If anyone can point me in the right direction for figuring out a way to play better sounds with the arduino or a chip that can do the work for the arduino that would be awesome. I'm getting all the peripherals together in the code right now. I ordered a few Atmega328P's from mouser along with heat sinks for my power transistors. I think I may use one 328 for the central control unit and a couple ATtiny AVRs for things like the light control and power functions as a fail safe. I think I can use the software serial library on the tinys for single pin communication between AVRs.
I now need a new way of controlling the LED bulbs that run off of 12 volts throughout the truck. the turn signals and tail lights I was planning on controlling with a simple arduino circuit consisting of (4) tip122 darlingtons, the current draw of each bulb is in the range of 0.19 amps and 0.06 amps @ 13.3 volts. however, I discovered that the swithback LED turnsignals I have require a common ground to operate. the positive side is where I need to have the control leg. What can I use to PWM these on the positive side without much more then a small transistor or MOSFET and a few resistors for protection? do I need to order some logic level MOSFETS? or will the TIP 122 do positive control rather then the usual negative control? anything I'm looking at is talking about inductive loads. which I am not working with. I'm not as familiar with MOSFETs as I probably should be.
Thanks!
NOTE: i realize I should reword all of this to make it more clear. I will work on it after work tomorrow. for now I'm hitting the sack.
Only way I know of to get better tones is a WAV/MP3 shield or breakout board. Or perhaps an external circuit of your own design -- should be able to make a nice sine-wave generator with a handful of caps, resistors, and linear BJT transistors. You can switch it on and off with a digital pin or perhaps even modulate the pitch with a PWM pin.

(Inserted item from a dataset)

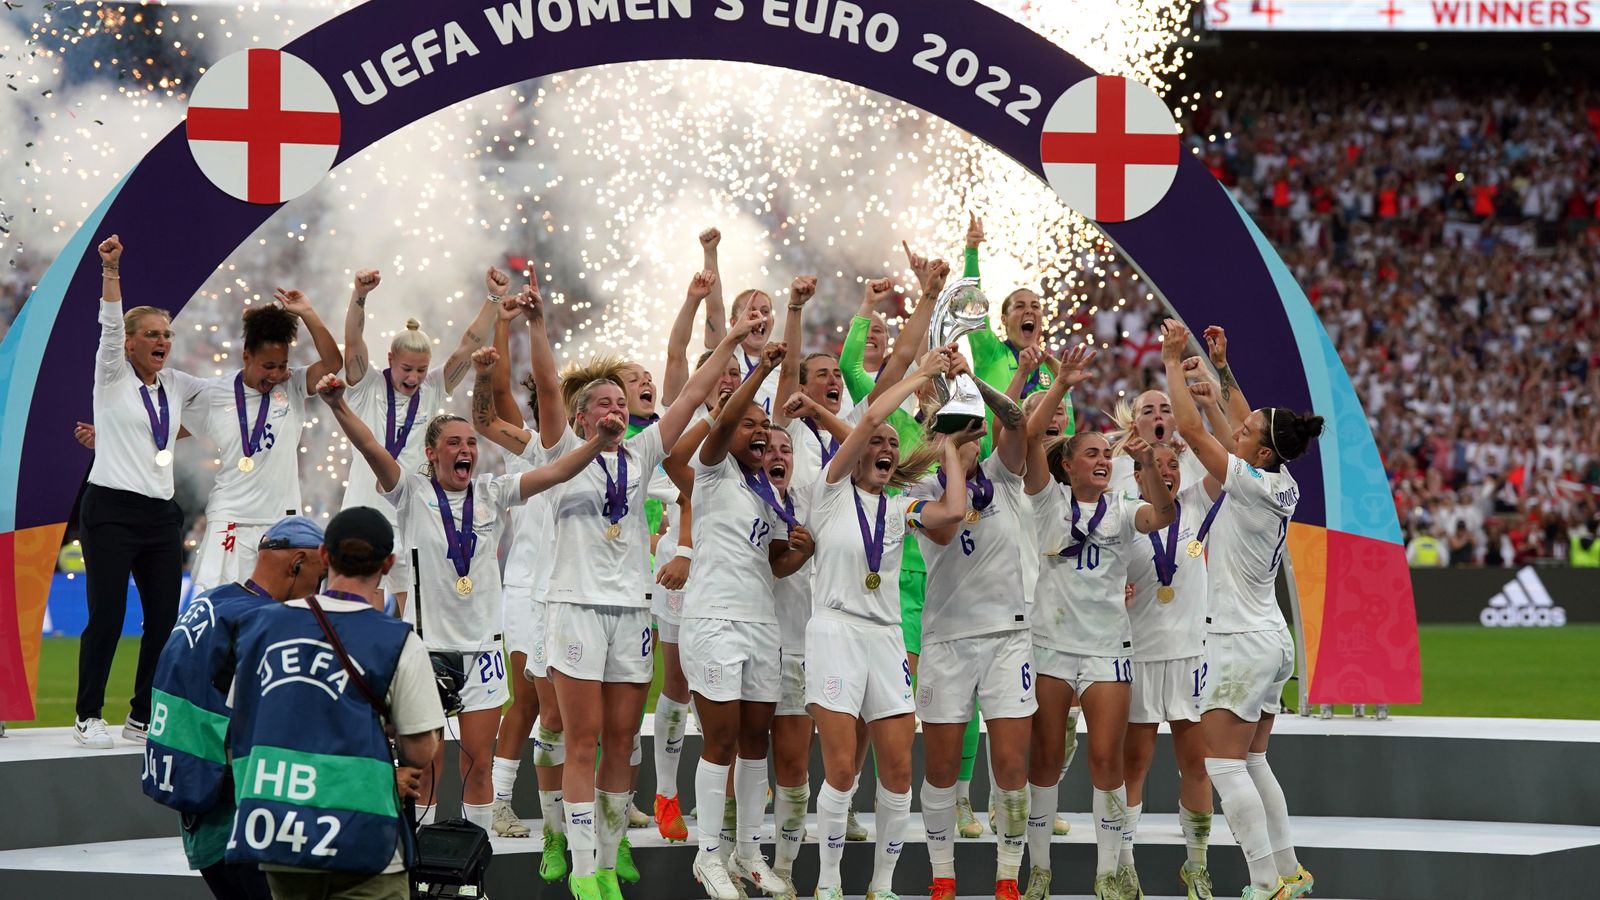 Women’s Euro 2025 schedule, teams, venues: All you need to know about next summer’s tournament in Switzerland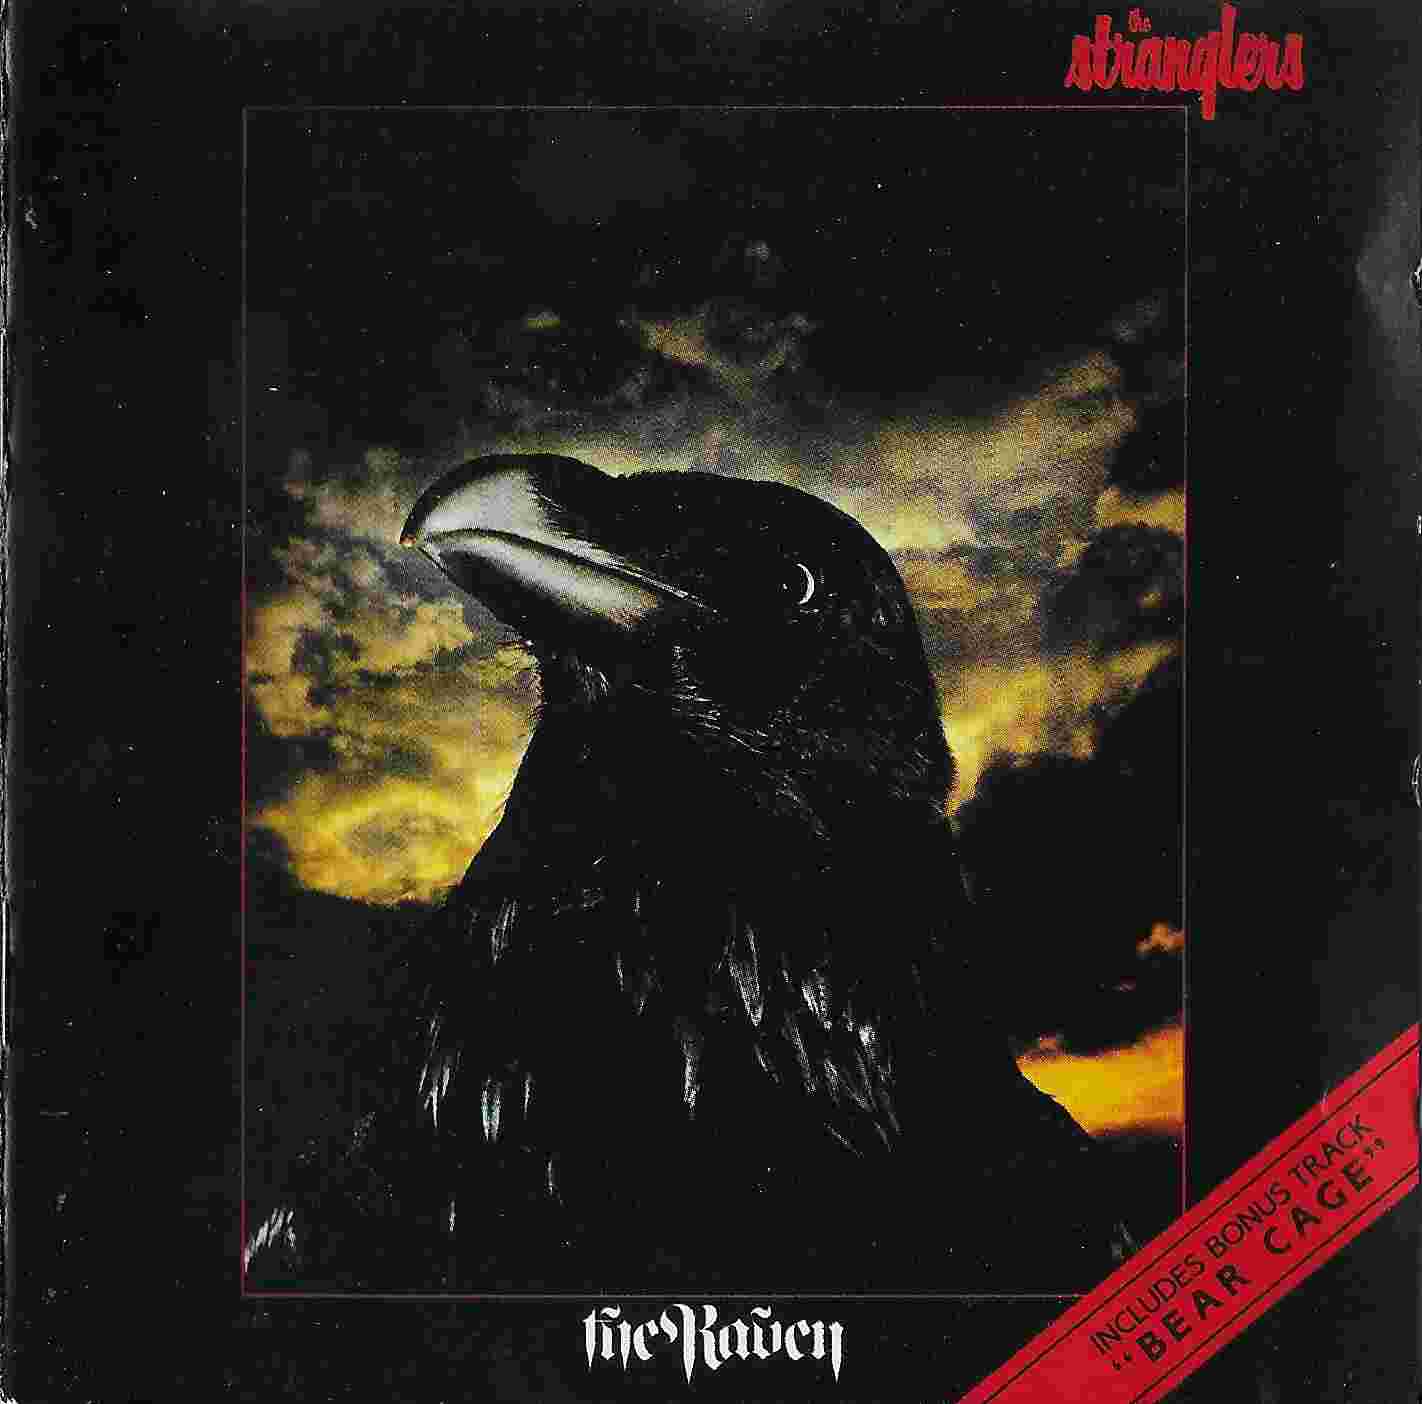 Picture of CDP 746615 2 The raven by artist The Stranglers

Only way I know of to get better tones is a WAV/MP3 shield or breakout board. Or perhaps an external circuit of your own design -- should be able to make a nice sine-wave generator with a handful of caps, resistors, and linear BJT transistors. You can switch it on and off with a digital pin or perhaps even modulate the pitch with a PWM pin.
As for high-side switching, I don't know much about MOSFETs but there are plenty of others here that do.
Thank you very much for the helpful information. I went ahead and created a topic in the power control section asking about MOSFETs and Darlington pairs. maybe someone will come up with some useful information there.